AssertionError: Did not find expected bin values in plot

Determining Expected Values

You can use the MatPlotCheck get_bin_values() method to extract the bin values that are expected for a plot. This is helpful if you are using a tool like nbgrader to create the the expected plot outcomes in a homework assignment.

To extract bin values from an expected plot you first create the expected histogram plot that you will use to grade your assignment (or htat you expect as an outcome from a test). Next, you create a PlotTester object from that plot. Finally, you call the get_bin_values() method to grab the expected bin values from that plot.

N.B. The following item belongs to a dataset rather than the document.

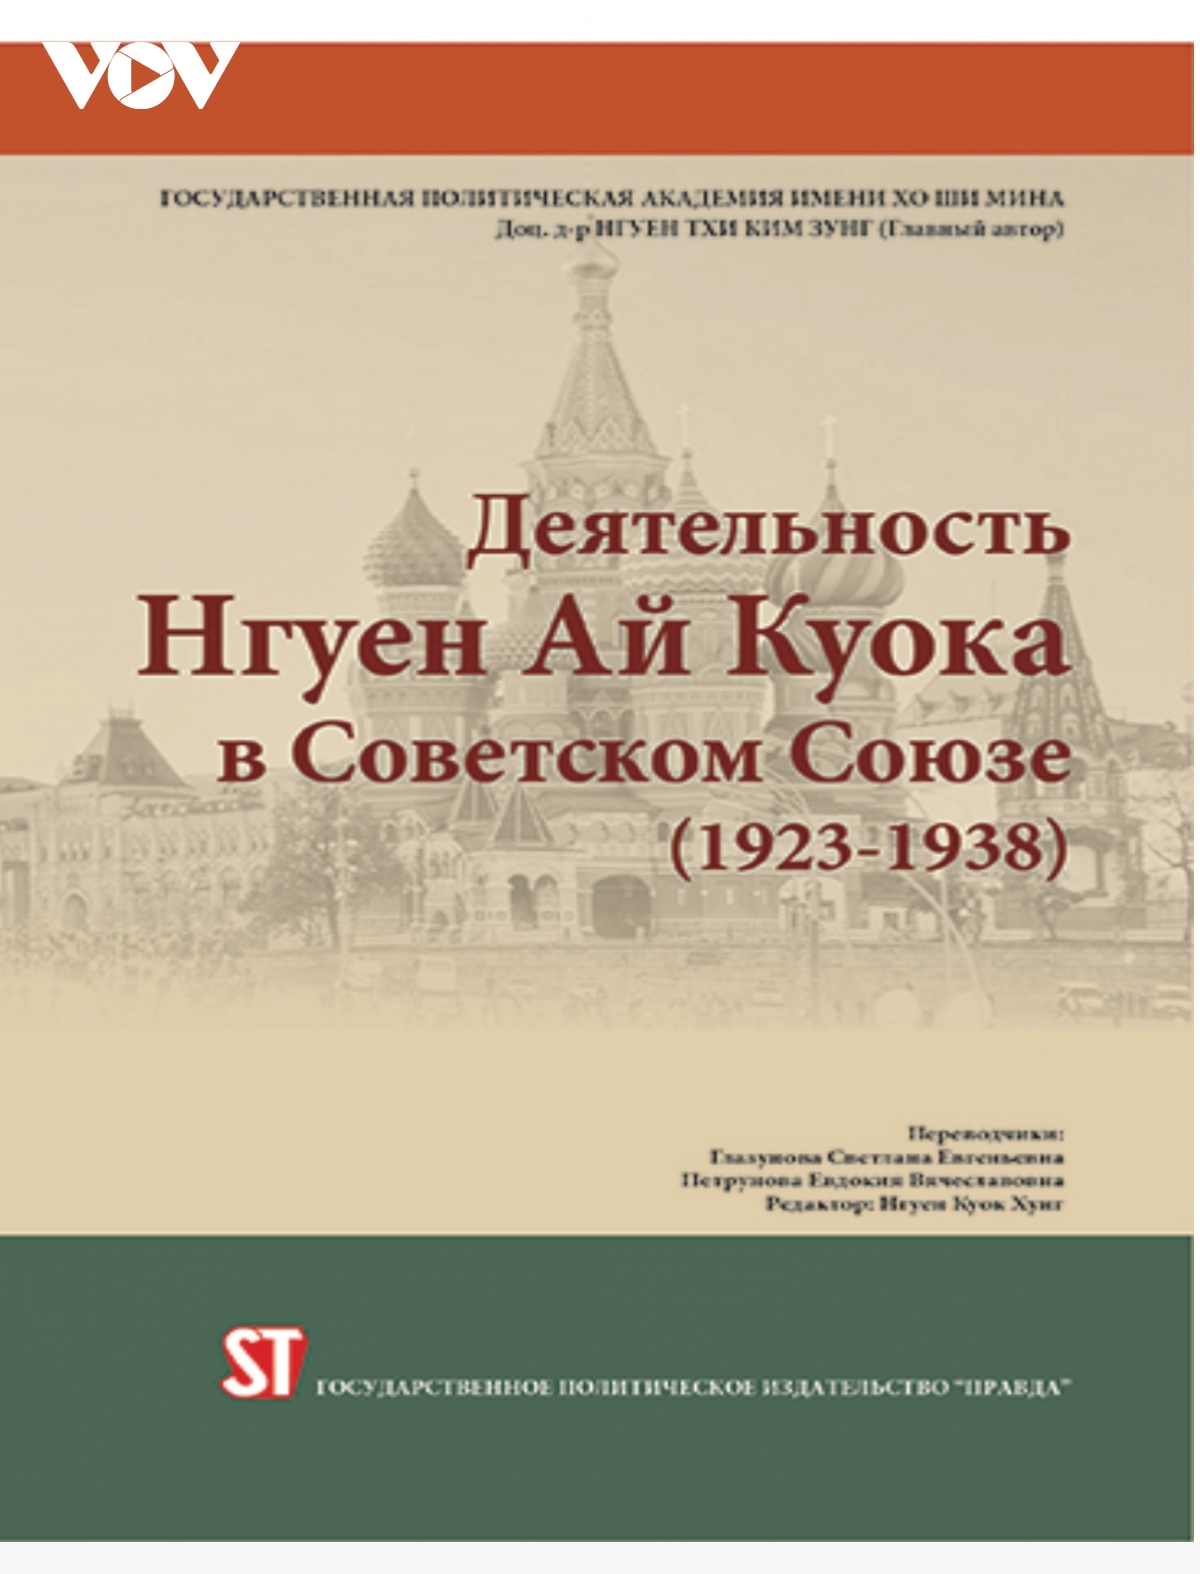 Dịch và giới thiệu sách về Bác với độc giả Nga để hai dân tộc thêm gắn bó

The steps outlined above are implemented below.

expected_data = np.sin(np.arange(0, 2 * np.pi, np.pi / 50))

# Create the expected plot
fig, ax = plt.subplots()
ax.hist(expected_data, bins=8, color="gold")

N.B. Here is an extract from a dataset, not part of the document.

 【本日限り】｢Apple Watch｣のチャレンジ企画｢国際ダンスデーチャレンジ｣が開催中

# Create a Matplotcheck PlotTester object from the axis object
plot_tester_expected = mpc.PlotTester(ax)
# Get bin values from the expected plot
print(plot_tester_expected.get_bin_values())
plot test histogram

Out:

[23.0, 10.0, 8.0, 9.0, 9.0, 8.0, 10.0, 23.0]

This example assumes that you are creating tests for a student assignment. Once you have created the PlotTester object for the expected plot (this is the answer to the assignment that you expect the student to come to), you can then test the student plot to see if it matches expected bin values. Below another plot is created that represents the student submitted plot.

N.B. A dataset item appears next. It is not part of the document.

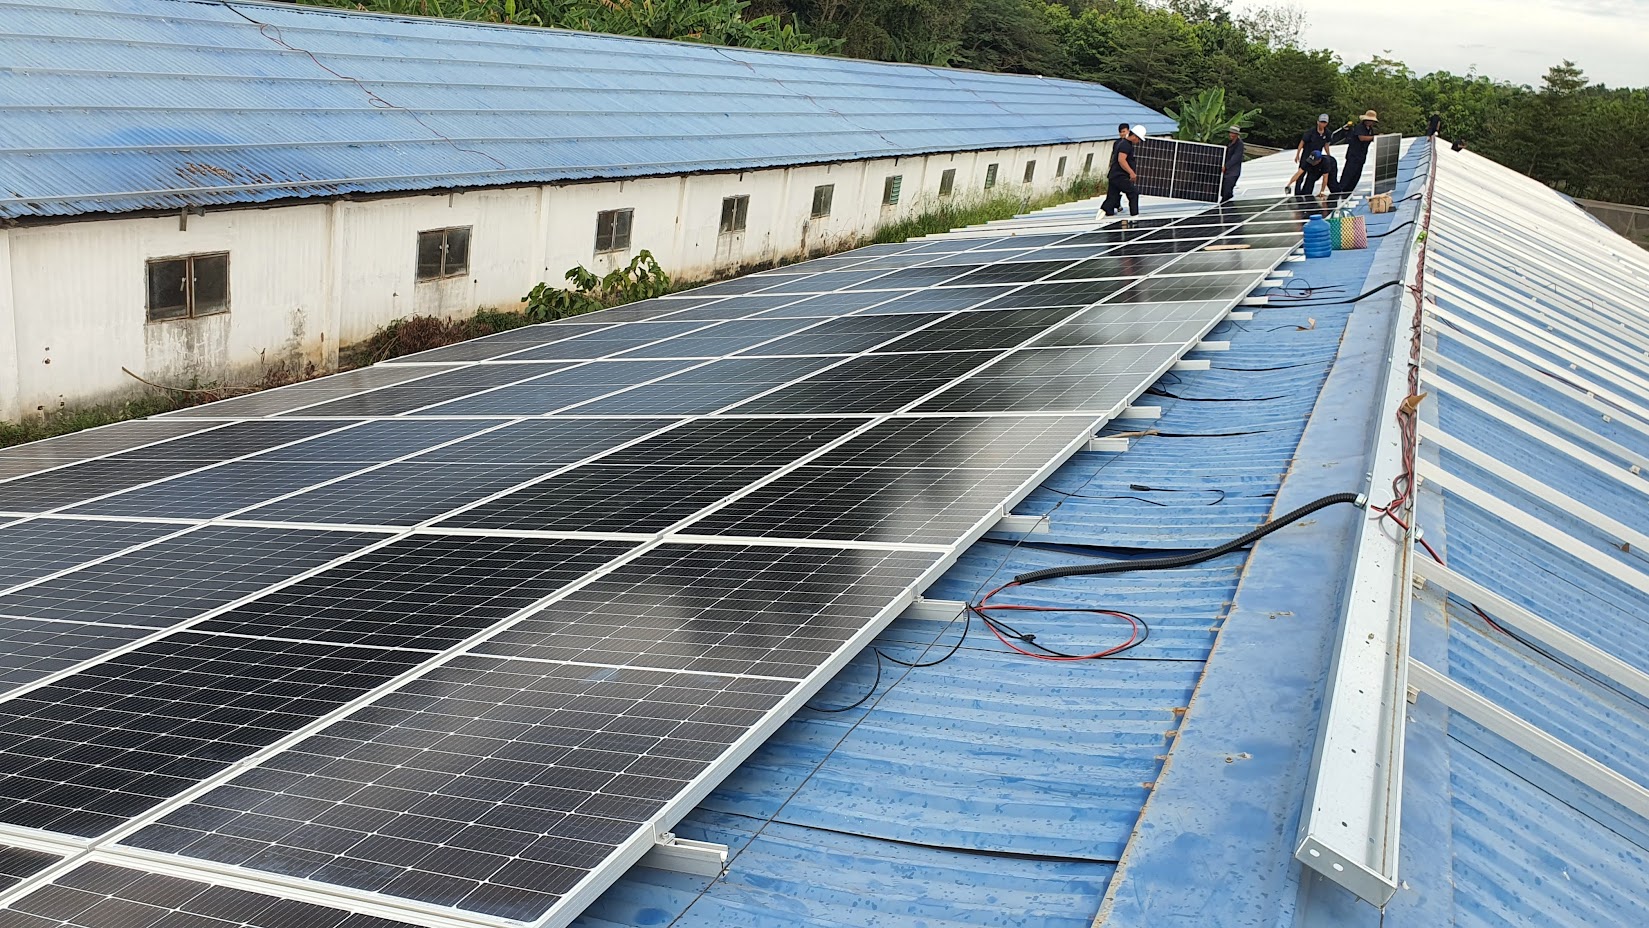 Dự án sử dụng 2.248 tấm pin năng lượng mặt trời ANTARIS GERMANY - MONO 445Wp hiệu suất cao

# Create and plot the student submitted histogram
data = np.sin(np.arange(2 * np.pi, 4 * np.pi, np.pi / 50))
fig, ax = plt.subplots()
ax.hist(data, bins=8, color="orange")

# Test the student submitted histogram bin values against the expected
# bin values (the correct answer to the assigned plot)
plot_tester_testing = mpc.PlotTester(ax)
plot_tester_testing.assert_bin_values(
    [23.0, 10.0, 8.0, 9.0, 9.0, 8.0, 10.0, 23.0]
)
plot test histogram

Above, assert_bin_values() did not raise an AssertionError. This means that the test passed and the student submitted plot has the correct histogram bins.

Note

In this example, you created the expected histogram (the homework answer) and the student submitted histogram in the same file.

Testing with Tolerances

In some cases, you might want to run a test that doesn’t require the bin values to match exactly. For example, it might be ok if the values are a few tenths off. To allow for some “wiggle room” in the expected answer, you can use the tolerance parameter of the assert_bin_values() method.

You will start by making two histograms with slightly different data and storing the plots with nb.convert_axes(). The gold plot will serve as the expected plot, and the orange plot will serve as the testing plot.

You will then create a PlotTester object for each plot. This allows you to extract the expected bin values from the expected plot and use those value to test the testing plot.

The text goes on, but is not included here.